Ленин упорно раздумывает над политикой Советской власти по отношению к крестьянству. Копии с полученных им крестьянских писем он рассылает товарищам, направляет для обсуждения и напечатания в газету «Беднота». Больше всего остерегается он поспешности, поверхностных, скоропалительных выводов. Он ищет, пробует, советуется, взвешивает, прикидывает.
Весь в поисках приходит он на Восьмой съезд Советов, надеясь во встречах и общении с делегатами съезда, и в первую очередь с беспартийными крестьянами, найти искомое решение.
3
В бурном потоке ленинской жизни есть периоды, когда напряжение ее достигает особенной силы,— эпоха «Искры», Второй съезд партии, девятьсот пятый год, июльские дни, Октябрь семнадцатого.
К таким «пиковым» периодам относится и последняя декада декабря двадцатого года, во время которой происходил Восьмой съезд Советов.
Этот съезд вошел в историю в образе парящей над сценой Большого театра и словно летящей в будущее карты России, усыпанной огнями электрических станций, сооружаемых по плану электрификации нашей страны.
И сам план электрификации, и обстановка, в которой он был принят, так необыкновенны, что не только потомки, но и современники и даже непосредственные участники событий как-то забыли о сложнейшем сгустке исполненных драматизма событий, с которыми был связан этот съезд.
На нем были приняты предложения Ленина о премировании крестьянских хозяйств, являвшиеся первым шагом на пути перехода к новой экономической политике.
На нем Троцкий выступил со своей платформой по вопросу о задачах профессиональных союзов, после чего партия была ввергнута в острейшую внутрипартийную дискуссию.
На нем Ленин в речи «О профессиональных союзах, о текущем моменте и об ошибках тов. Троцкого»2 дал глубочайший анализ сущности Советского государства, его взаимных отношений с рабочим классом в переходный период и в «переходный период в переходном периоде».

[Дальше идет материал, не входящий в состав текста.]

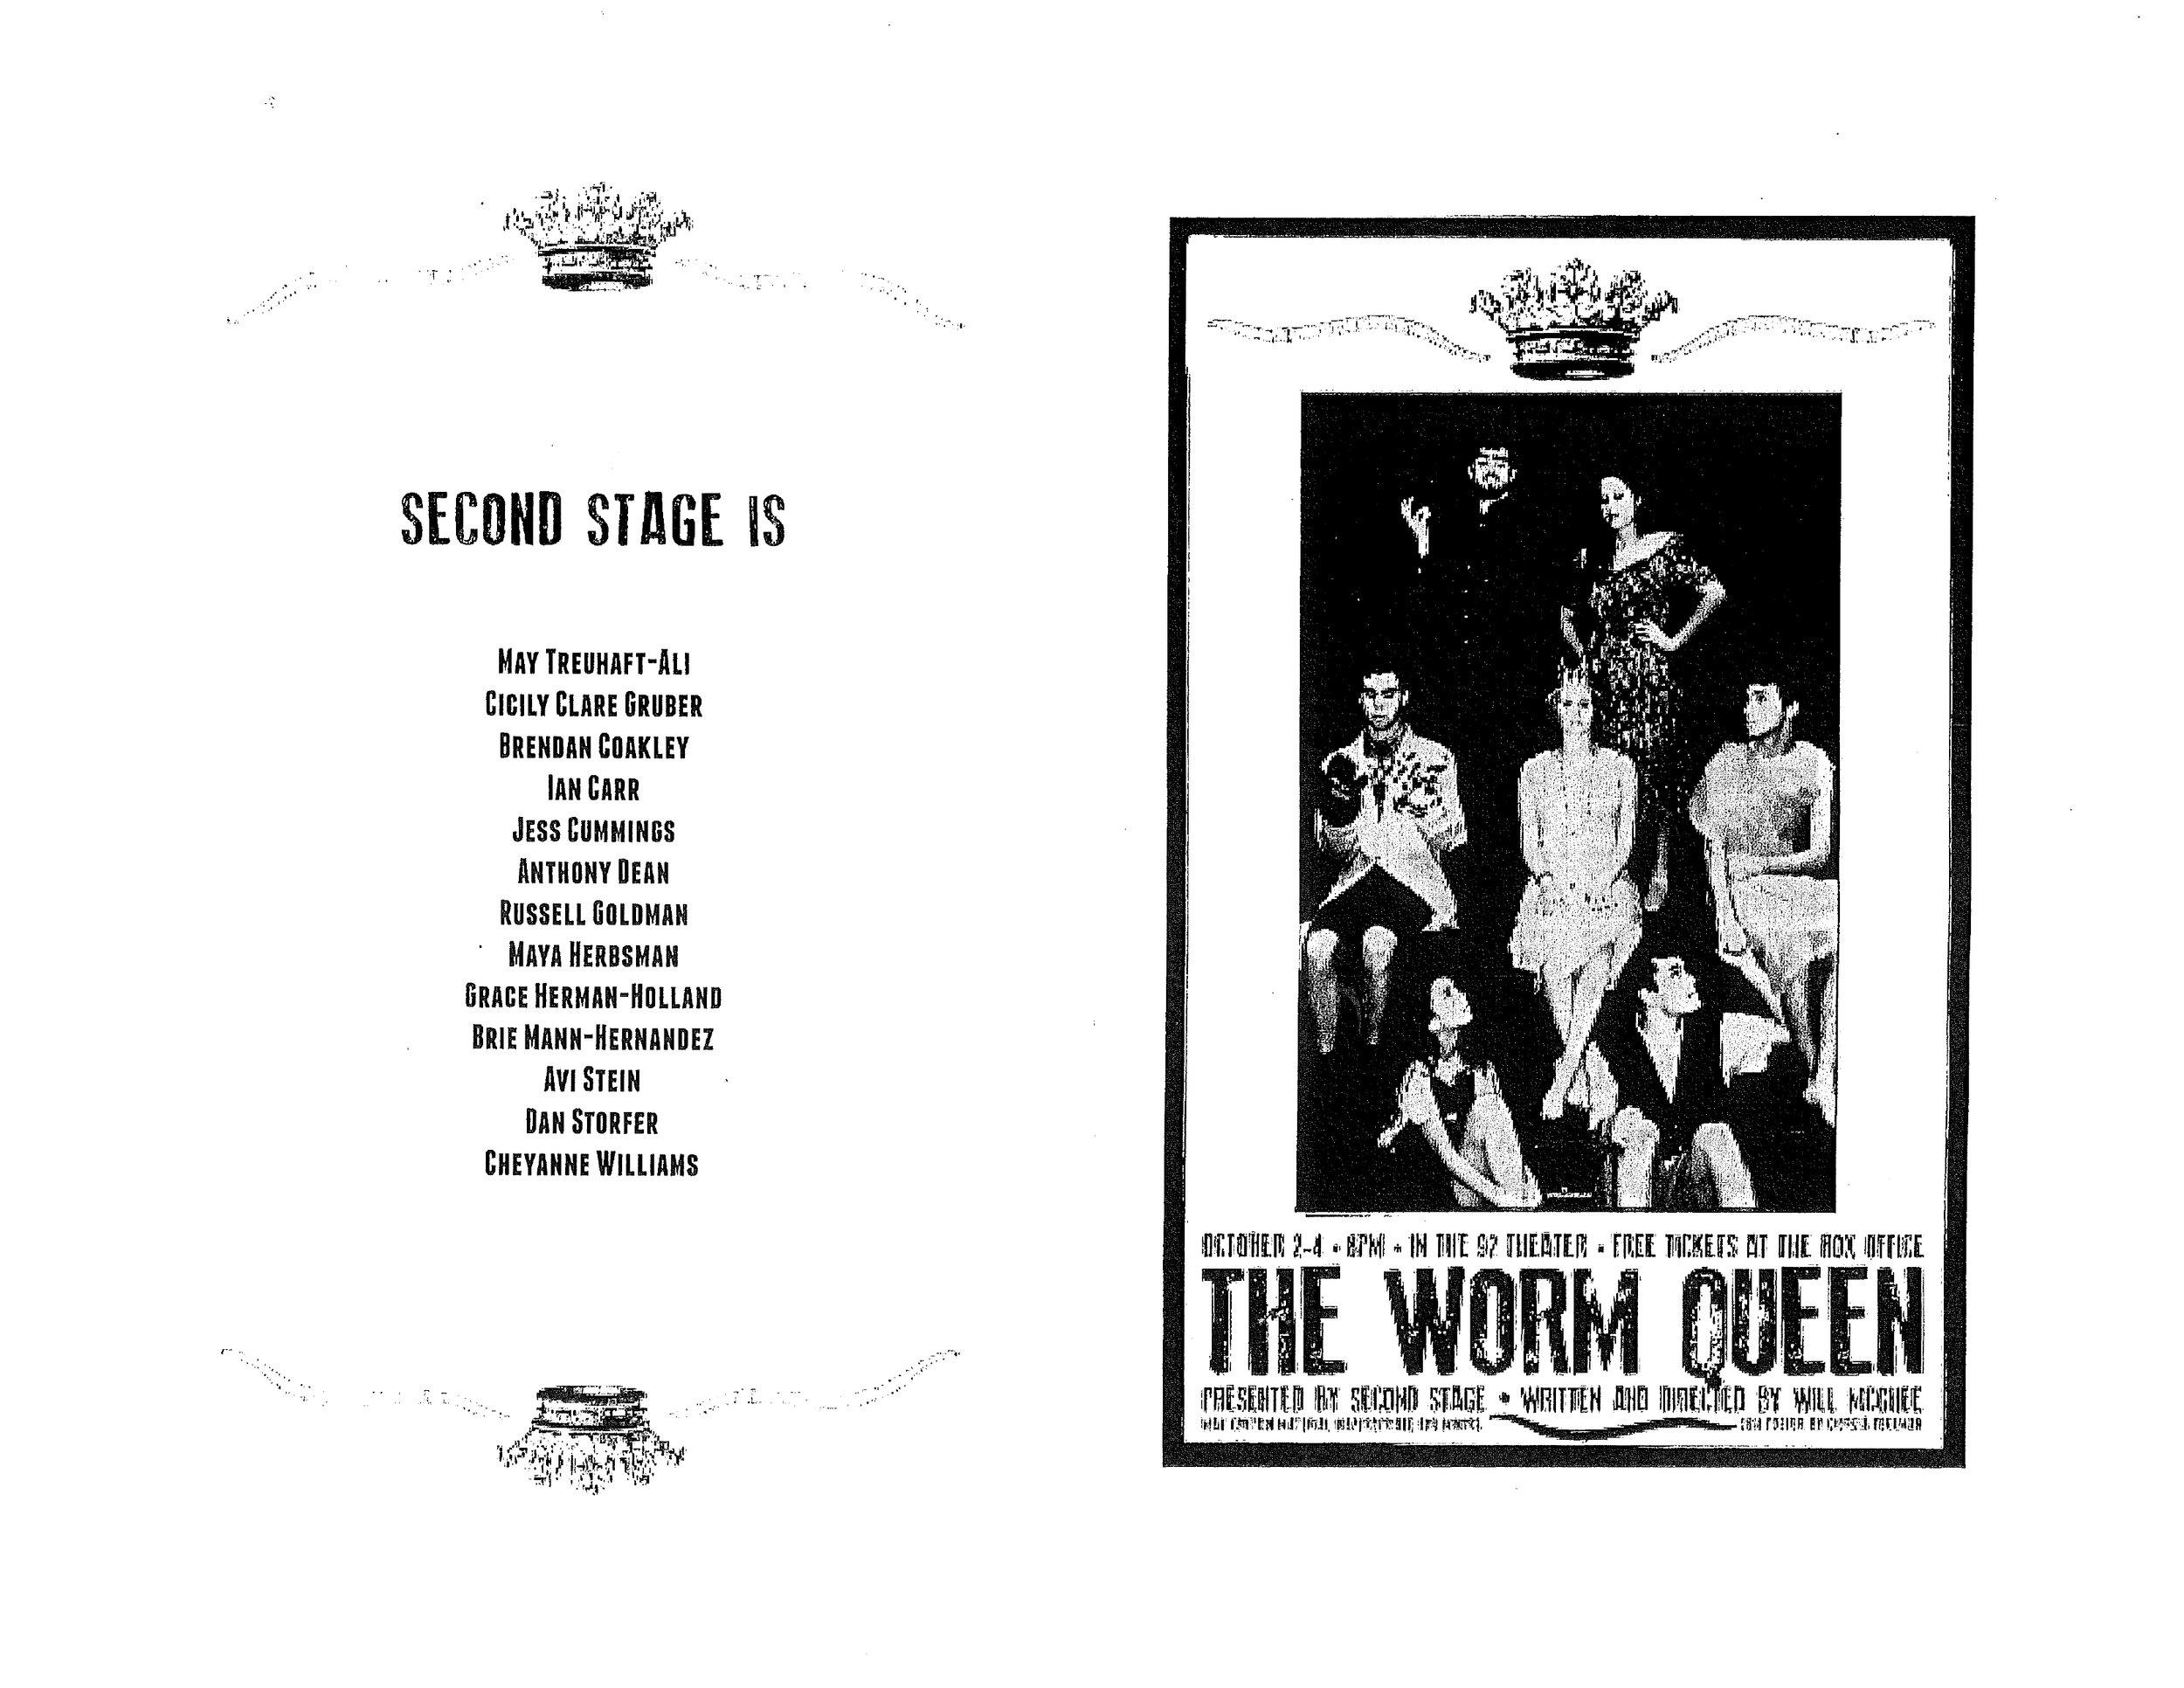 WormQueen-Program-1.jpg

И все это, от доклада о международном и внутреннем положении и плане электрификации и до заключительных слов в речи об ошибках Троцкого,— на предельно коротком отрезке времени, всего в девять дней.
Дорого дались Ленину эти «девять дней одного года»: выступая на соединенном заседании делегатов Восьмого съезда Советов, членов ВЦСПС и МГСПС — членов РКП (б), Ленин впервые сказал, что он болен.
4
Из далеких глубин моей памяти возникает переполненный зал Большого театра. Полутемно: горят не все лампочки, да и те, что горят,— вполнакала. Я слышу сосредоточенную тишину, возникающую тогда, когда затаено дыхание нескольких тысяч человек. Я вижу лица людей, которые в глубоком внимании слушают доклады Ленина и Кржижановского. Чтоб определить социальную принадлежность этих людей, не надо заглядывать в анкеты: о ней говорят их рабочие куртки, крестьянские зипуны, красноармейские шинели, матросские бушлаты.
Эти люди — кровь от крови, плоть от плоти народа. Каждая рана, нанесенная России, оставила рубцы на их собственном теле. Лучше, чем кто бы то ни было, знают они всю меру нужды, голода и разорения, к которым привели страну война и интервенция. Но по движению, пробегающему в зале в ответ на слова ораторов, по живой реакции аудитории, по вспыхивающим время от времени аплодисментам чувствуется, что своим духовным взором они видят преображенную страну, покрытую густой сетью проводов, по которым пробегает животворный и созидающий электрический ток; он освещает города и деревни, приводит в движение поезда, станки, машины, ставит на службу человеку неисчерпаемые силы природы.
Но полно. Не обманывает ли меня память? Не приписываю ли я этим усталым, голодным, измученным людям те чувства, которые испытывали не они, а я и мои друзья, переживающие тогда пору молодости, которая счастлива уже одним тем, что шагает из неизвестного в неведомое?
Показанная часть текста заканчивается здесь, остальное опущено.